Rounding that off, we have Cowboy (George Peppard) who’s a cowboy from someplace called “Earth”, Cayman the Lizard thing who has one line of plot to explain why he hates Space-Hitler, a couple of space Death-Furbies called Kelvins, and five members of a hive-mind called Nestor, who absolutely take the piss by delivering a line about not having ears when you can see them quite clearly under the botched-up makeup. They all have backstories, although none of them are worth mentioning and you won’t give a monkey’s which of them lives or dies. Everyone gets back to Space Station Banjo and there is a bit of a fight with The Big Space Bastard; then he bogs off, then he comes back, then a couple of people die, and then the day is won. Woo! Yeah! John-Boy snogs his love interest and the day is won. Honestly, what else were you expecting? The film sets out its stall before the first 10 minutes are done, you know exactly what you’re in for or you should have switched it off. Anyone who thinks it fails on that front is watching the wrong film, simple as that.

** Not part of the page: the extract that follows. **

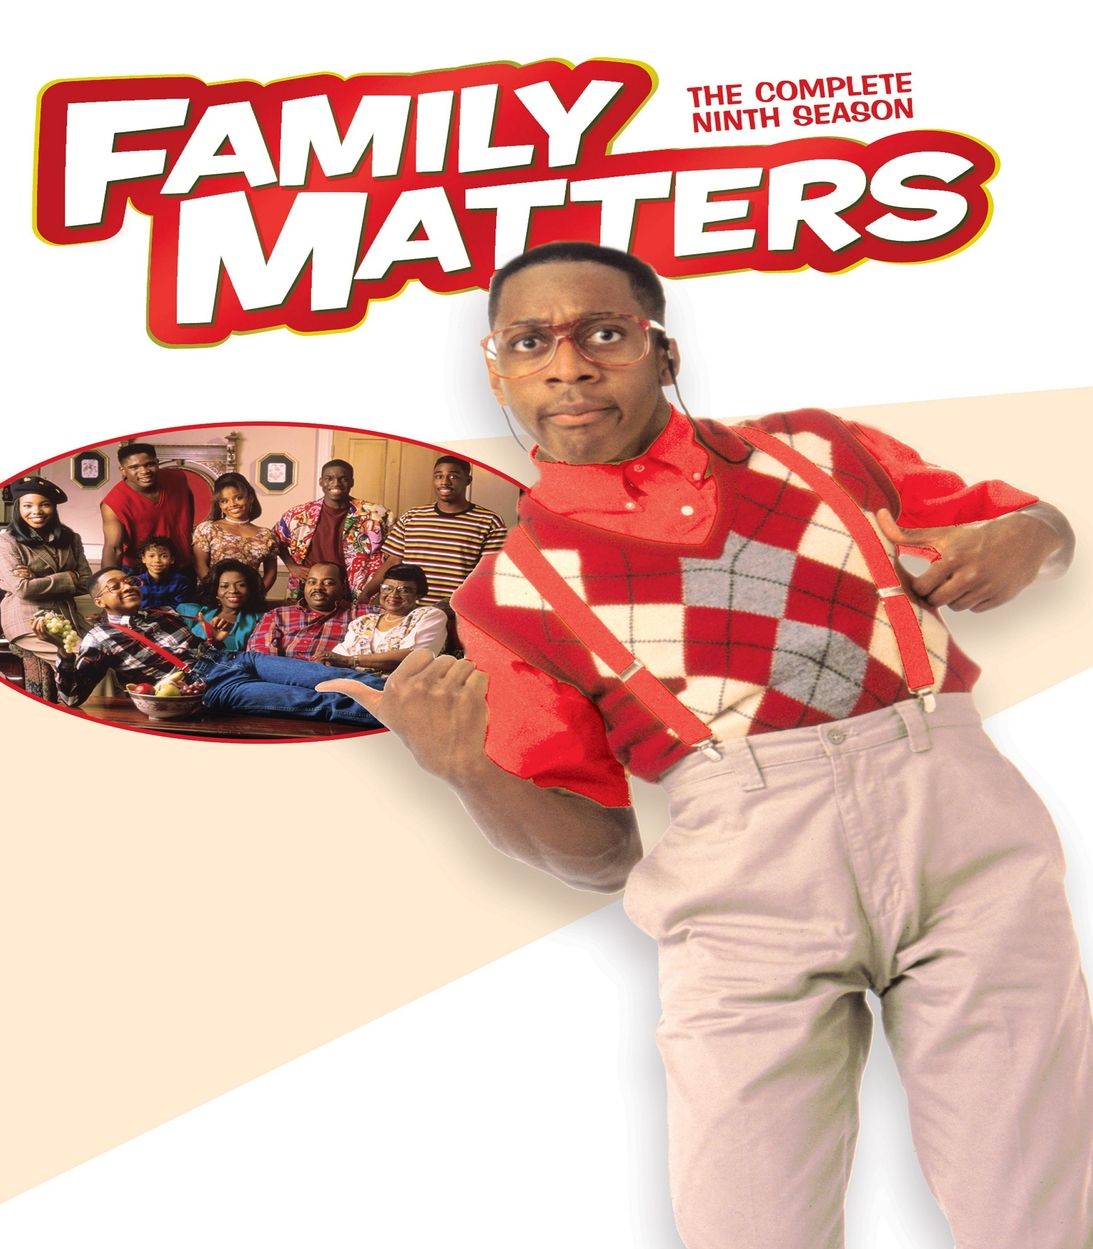 Steve Urkel poses on Family Matters Season 9 Poster
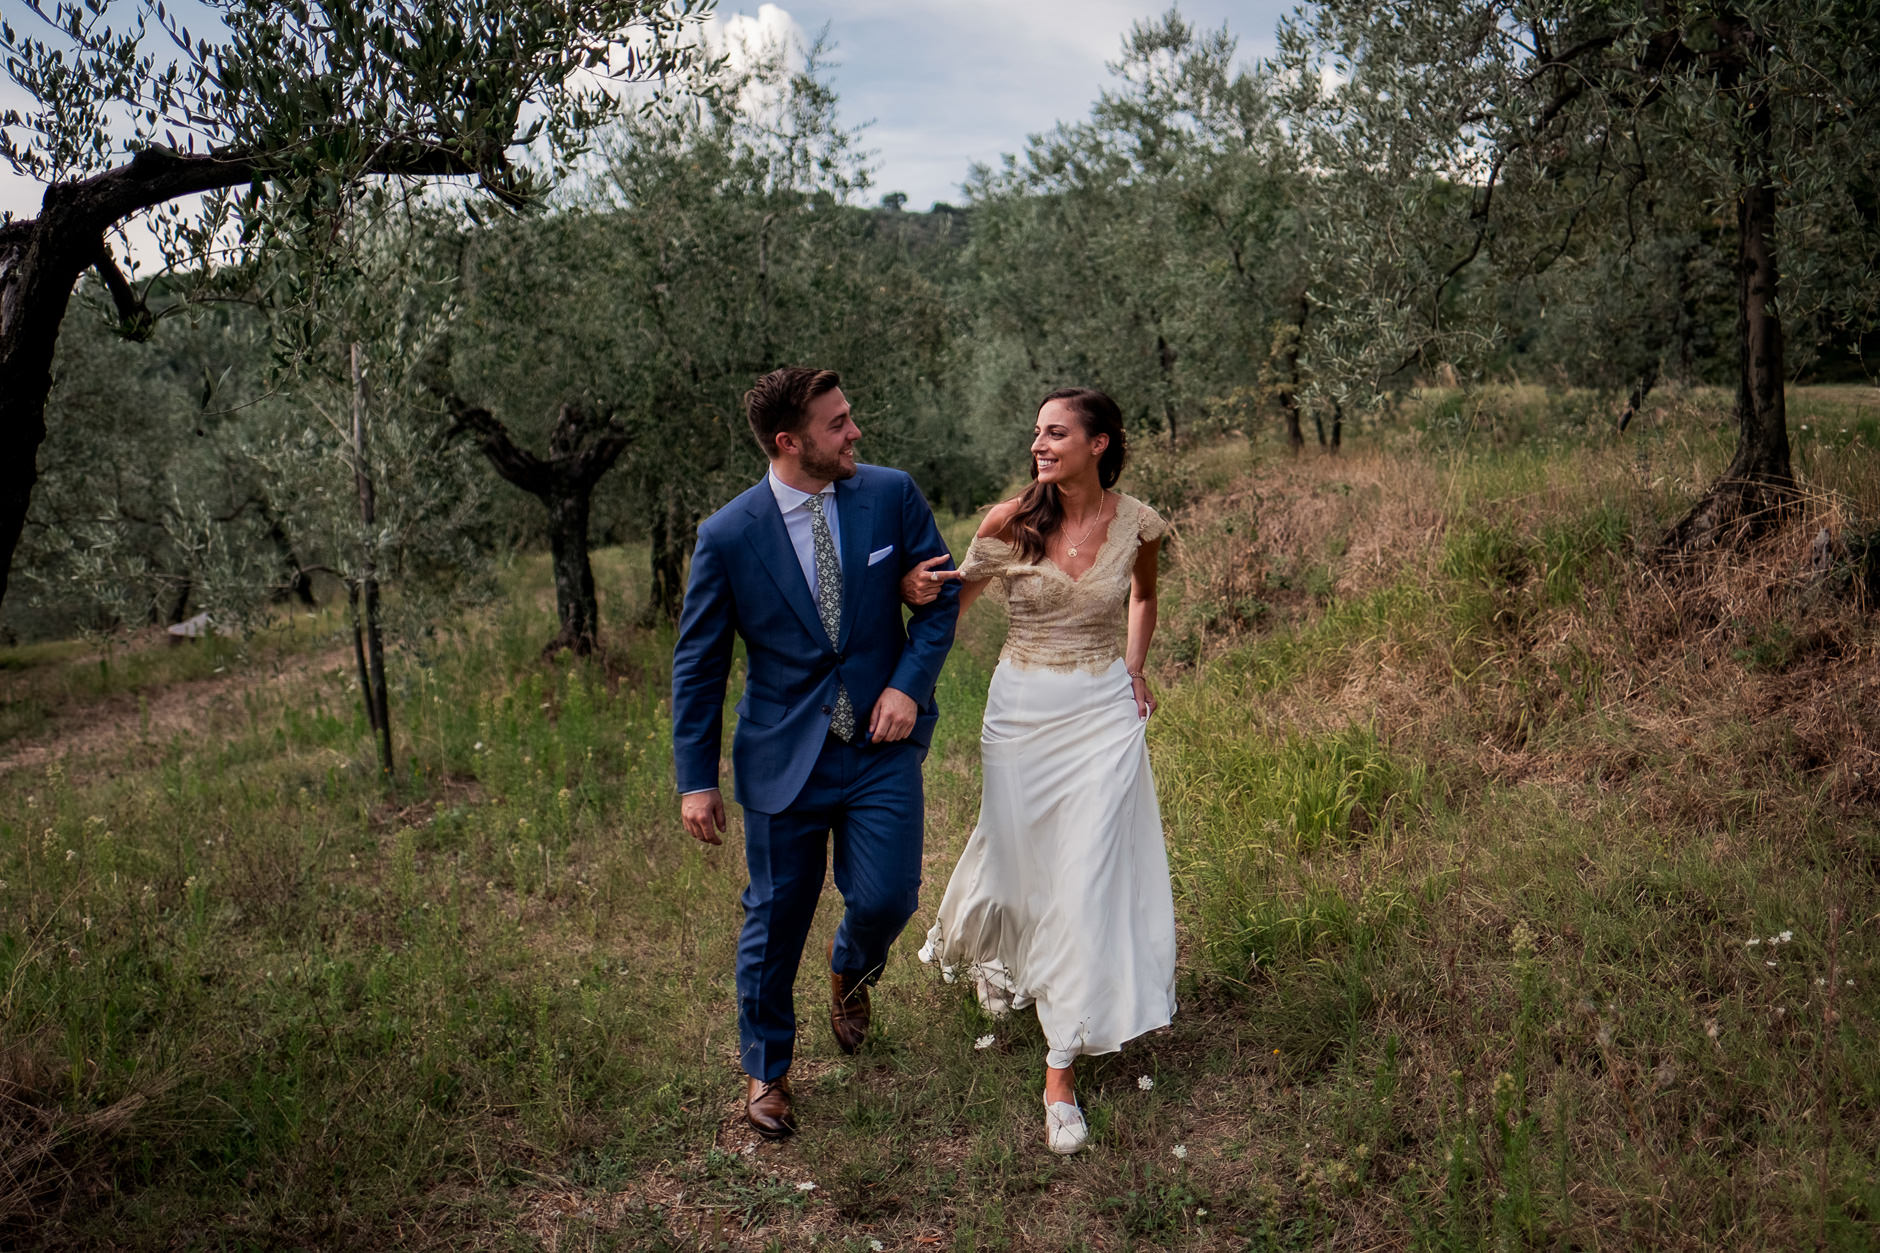 tuscany wedding photographer

It also manages to mostly hold its own on the special effects. Yes, like most things from the early 80s they haven’t aged that well, and the sets and costumes look very Battlestar Galactica. But the spacecraft look pretty damn good, even if they are shot rather boringly and the focus is on people concentrating hard to fly through space without dying, rather than swapping pithy dialogue. Okay, maybe just eye candy for the model nerds.
Where it really fails is in the scale of it all. The big-bad taking over a town works in the Wild West or Edo Japan (or an ant’s nest in A Bug’s Life, or a post-apocalyptic outpost in World Gone Wild), because you can get your head around it. Here you have something the size of a Star Destroyer (but not the exact shape, so no one got sued) turning up to take over a planet that’s got one small village in it, and that just feels impassably silly. You then have John-Boy planet-hopping for three days, which makes the whole universe sound about as big as Essex (and about as violent, especially with the cannibalism). It doesn’t feel like a universe like Star Wars did, it’s what someone would make if they heard Star Wars did well and then completely missed how it managed that.
But the good moments somehow pull it through, and it has enough enjoyably silly elements and hateable bad guys to pull things together. It’s unlikely to make it into your collection if you don’t instantly fall in love with its retro kitsch, but you’ll probably get something out of one viewing if you’re willing to accept it as “of its time” and not the worst Star Wars or Magnificent Seven cash-in ever.